Given the fine-tuned model and target span, the system 100 can generate a new melody by sampling from the modeled distribution, using the interference algorithm from the Anticipatory Music Transformer. As melismatic singing (i.e., stretching syllables to matcha melody) is less intelligible, in one embodiment, the system 100 may match one syllable to each not to improve intelligibility. To ensure that a sufficient number of notes are generated to convey the text transcript, the system 100 rejects any samples where the number of notes is less than the number of syllables.

It is generally unlikely that an arbitrary melody pairs naturally with arbitrary text, even if the number of notes in the melody is equivalent to the number of syllables in the text. And forcing text to be synthesized to an arbitrary melody tended to jeopardize intelligibility. Consequently, during the synthesis stage 203, the system 100 generates melodies that are aware of the natural prosody of the text transcript.

To accomplish this, the system 100 attempts to constrain the model to generate a new melody that has one note for each of L syllables in the text notification. One approach involves first uniformly stretching the original timings of the synthesized speed. For example, the first syllable is mapped to the downbeat of the third measure and the last syllable will occur not later than the fourth measure. FIG. 4 shows the process of stretching the original timings. As shown on the left-side of FIG. 4, when mapping a text transcript to an arbitrary melody, the natural rhythm of the text is broken. Stretching certain syllables for extended durations and compressing some into a short span of time. On the right-side of FIG. 4, the generated melody is tailored to the prosody of the text, minimizing any distortions and maintaining the natural flow of speech.

Because the prosody (here, syllable timings) produced by the TTS system offers a set of timings under which the text is known to sound natural, the system 100 can constrain the notes of the generated melody to be within a certain amount of time of the original prosody. A tolerance factor of one sixteenth note can be used to ensure that the syllable timings of the generated melody are close to the original ones while giving the model some flexibility to make the timings a bit more musically rhythmic.

The system 100 defines the prosody-aware generation of melodies as sampling from a model with two inference-time constraints that respectively adjust the note start and the note duration of melody note I with respect to syllable onset time. This setup ensures that the system 100 generates the same number of notes as syllables L, but does not ensure that generated melody notes are non-overlapping. Accordingly, after the system 100 has sampled the new melody, it is postprocessed to set the duration.

Musical Voice Synthesis

After prosody-informed melody generation, the musical voice synthesis module 211 modifies TTS outputs to match the pitch and duration of a melody. The system 100 uses the same TTS output used to extract natural prosody onset timings and uses the syllable onset timings extracted to further modify the speech signal. After obtaining the start times of each syllable in a given speech audio clip, the system 100 remaps the pitch and duration of each syllable so that they match the generated melody. This approach improves intelligibility over direct singing voice synthesis.

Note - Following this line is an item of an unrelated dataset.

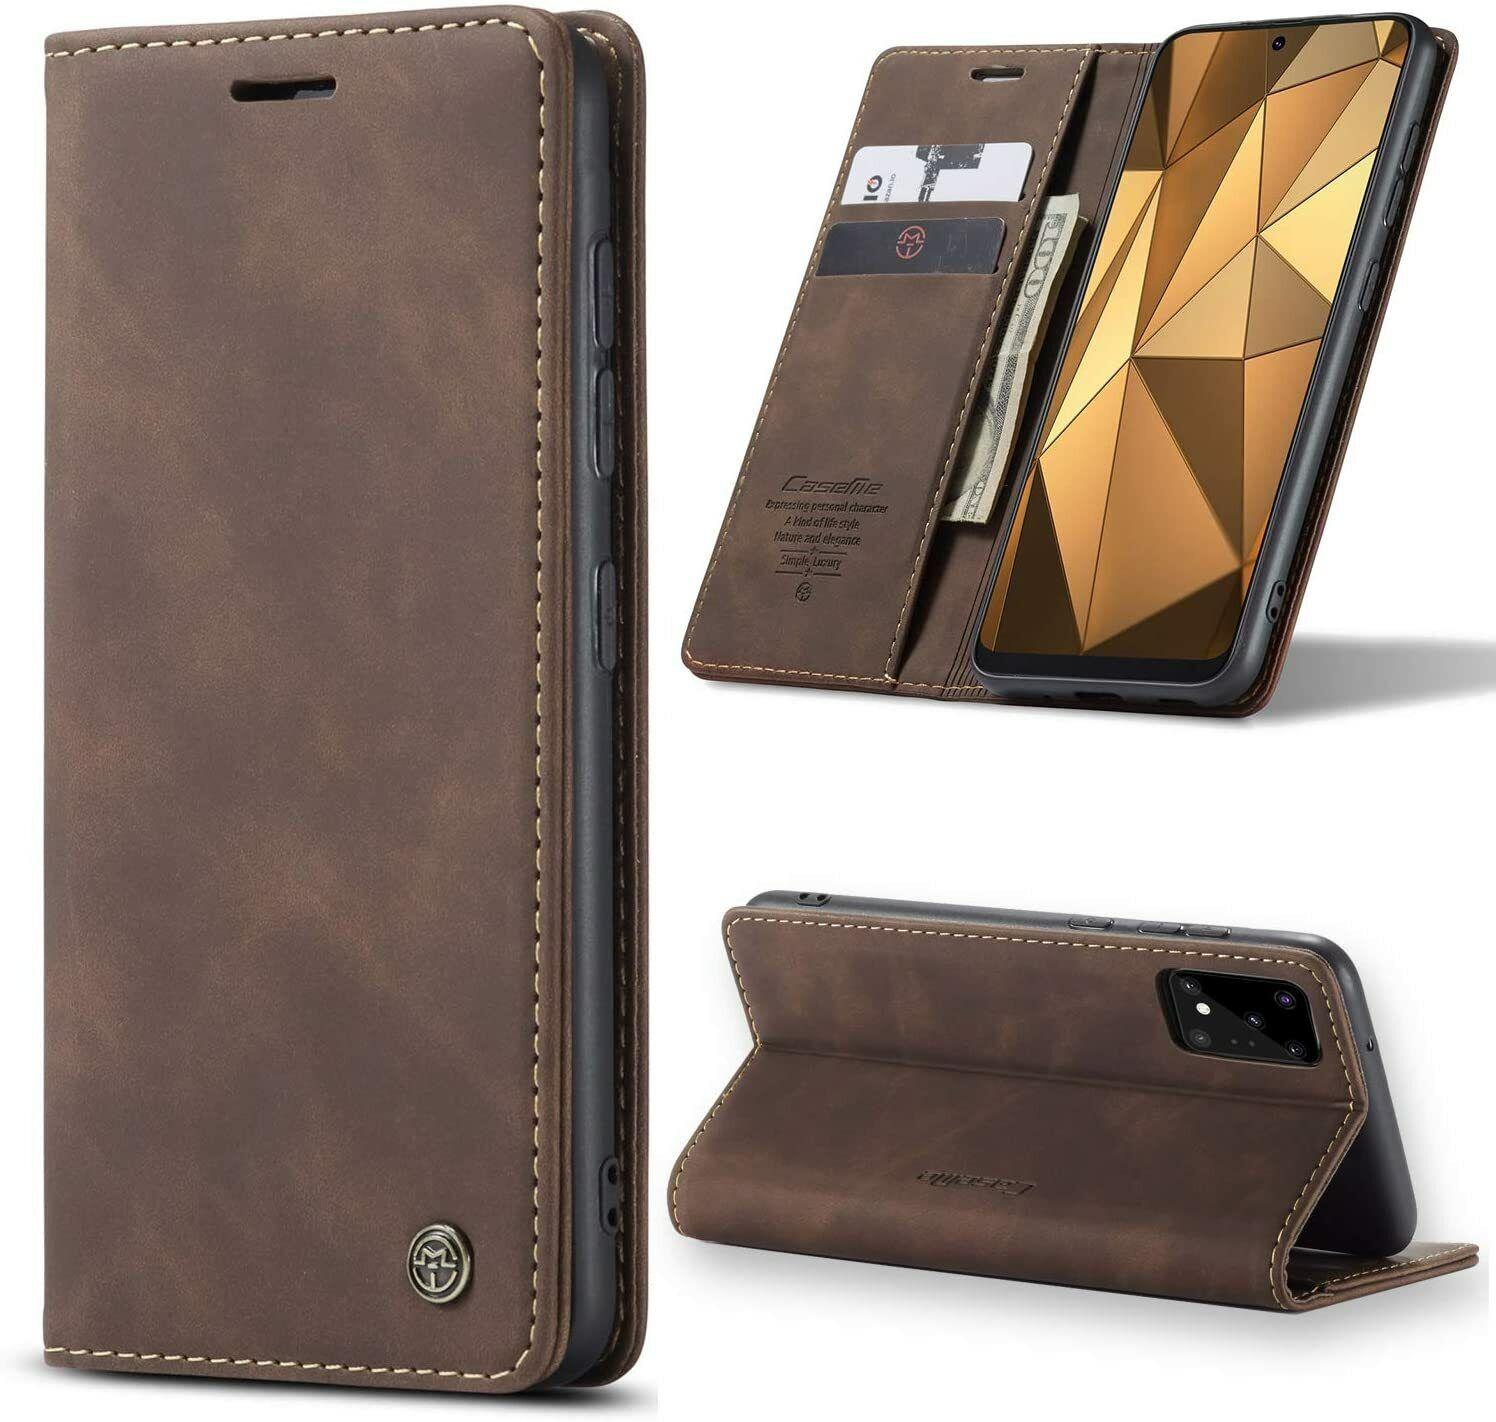 Hülle Samsung Galaxy A51 Galaxy A71 Magnet Leder Handy Tasche Schutzhülle Case

To achieve this remapping, the system 100 can use a digital signal processing technique known as Time-Domain Pitch Synchronous Overlap and Add (TD-PSOLA). This technique operates by taking as input the original audio, a list of onsets present in the original audio, a corresponding list of target onsets intended for time stretching the audio, and a list of fundamental pitches intended for pitch shifting the audio. It then processes this input data to generate a modified version of the audio. In this altered version, both pitch and duration are adjusted to align with the specified input lists.

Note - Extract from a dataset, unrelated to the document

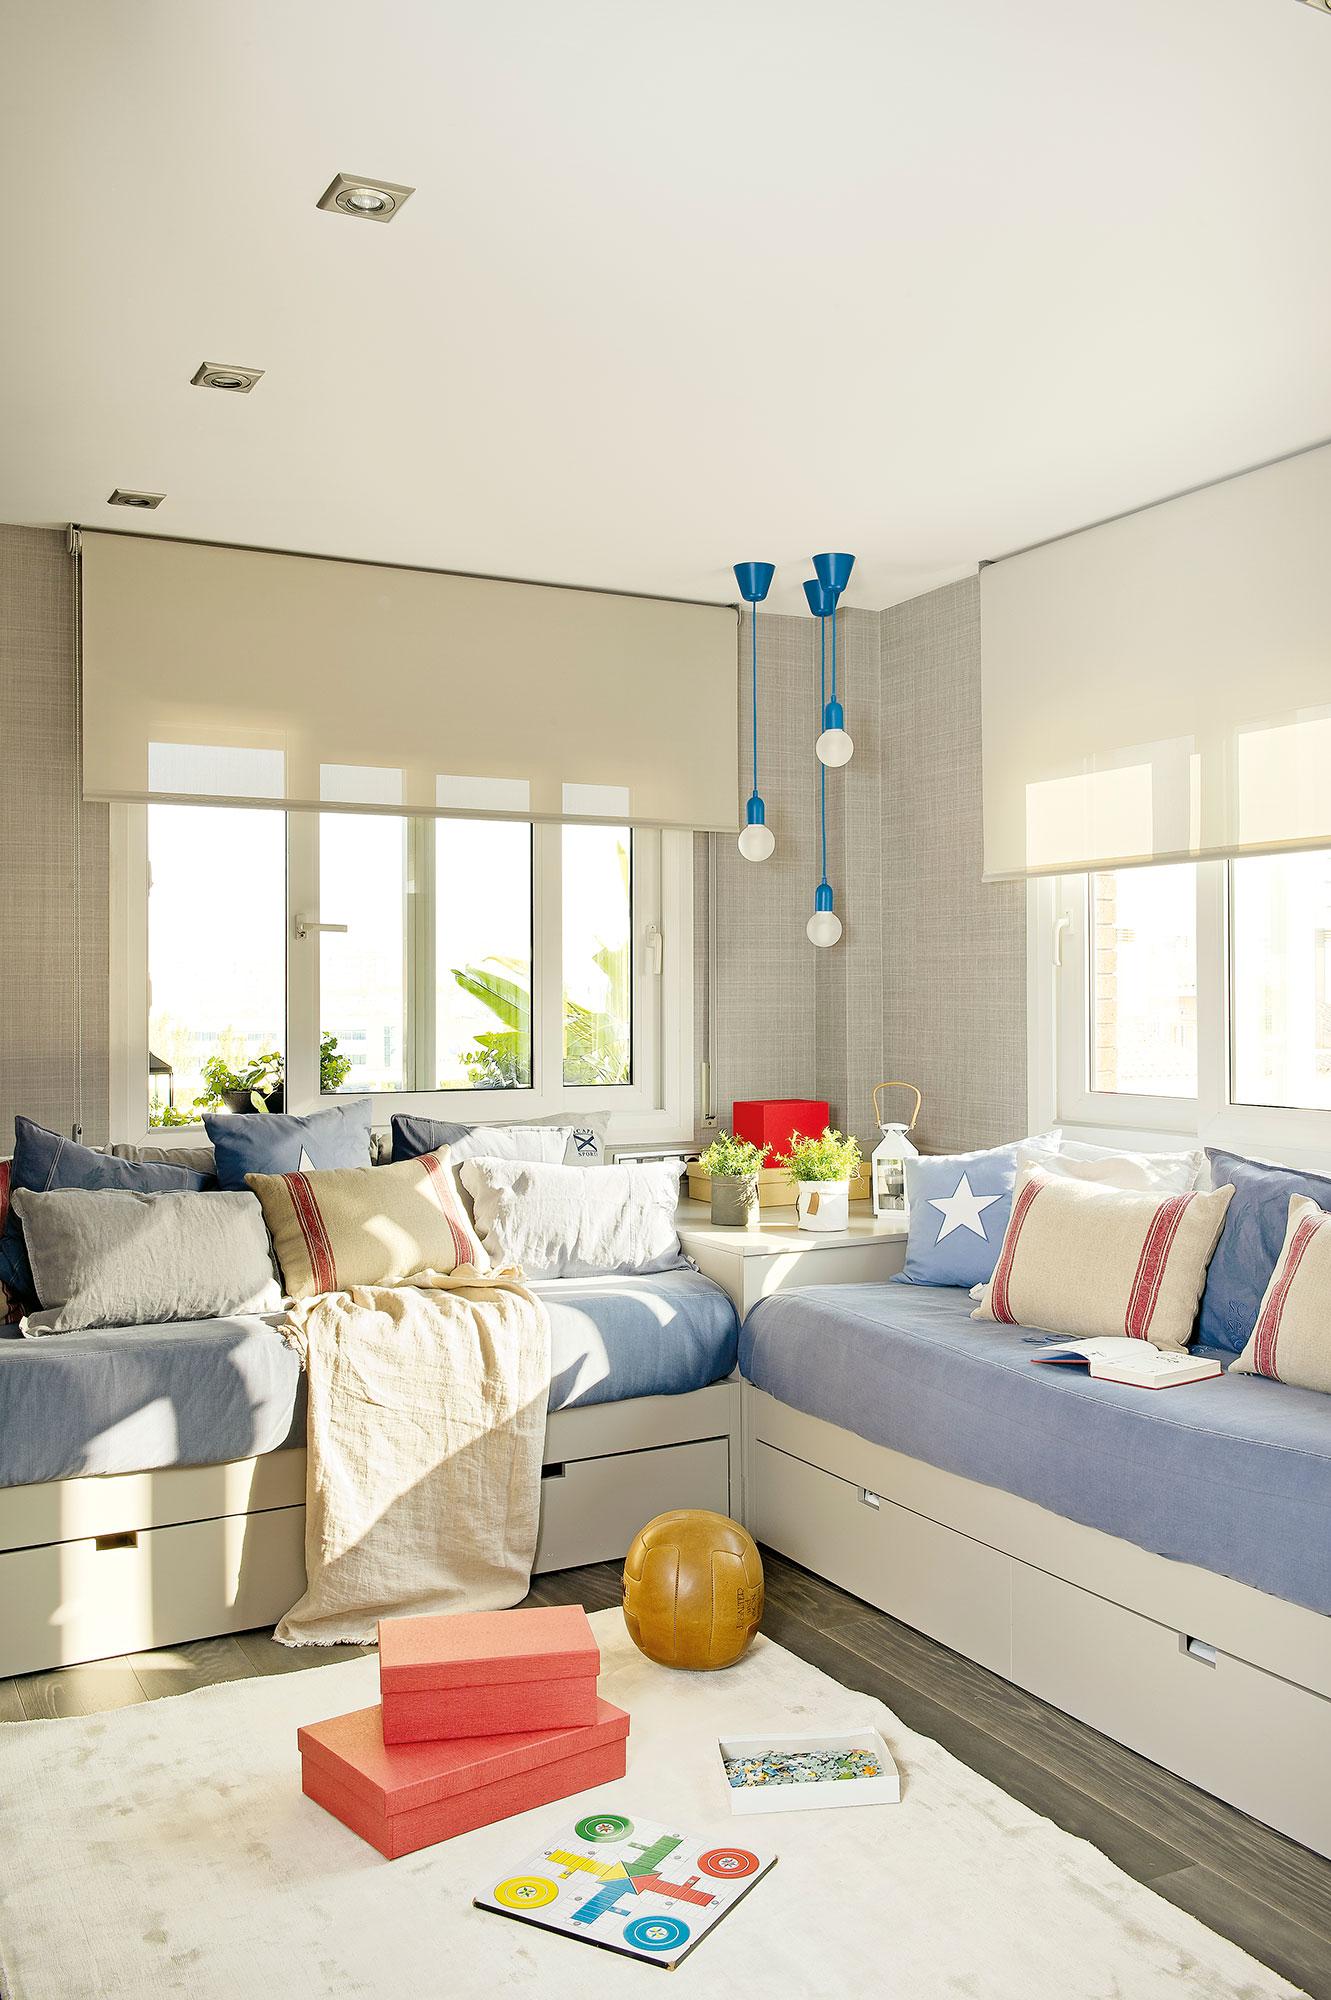 Dormitorios infantiles 7 buenas ideas para compartir Dormitorio juvenil en l

Due to a hard constraint on the fundamental pitch, the resulting pitch-shifted speech audio may resemble the outputs of commercial vocal pitch-correction software, such as Autotune. However, the system 100 differs from these tools with the addition of syllable segmentation and automatic mapping of the segmented syllables to an output for use in the user’s music.

Integration into music

The final stage 204 involves integrating the musical notification into the user's current music at the target location. For target locations without vocals, the output module 212 overlays the speech output and slightly decreases the volume of the track. Unlike traditional notifications, the system 100 only slightly attenuates the music volume so that the overall amplitude does not distort or clip when the musical notification is mixed in. For locations with vocal content, it separates the audio into vocals and instrumental accompaniment, replaces the original vocals with the musical notification, and slightly attenuates the instrumental accompaniment.

Using one example embodiment, the system 100 was tested with end users, in which twelve participants experienced speech messages integrated into popular songs using the system 100, as well as a baseline of non-musical text-to-speech outputs. The users’ preferences were analyzed via subjective ratings and qualitative comments. During this trial, participants were asked to perform everyday work on their own personal laptops while sitting in a typical open space office. At the same time, they listened to eight songs in total, each of which contained one spoken notification created using the two separate methods. As a baseline, voice notifications were delivered using Google's text-to-speech system. For the musically modified speed condition, we used a combination of prosody-constrained melody generation, Pitched TTS, and singing voice conversion.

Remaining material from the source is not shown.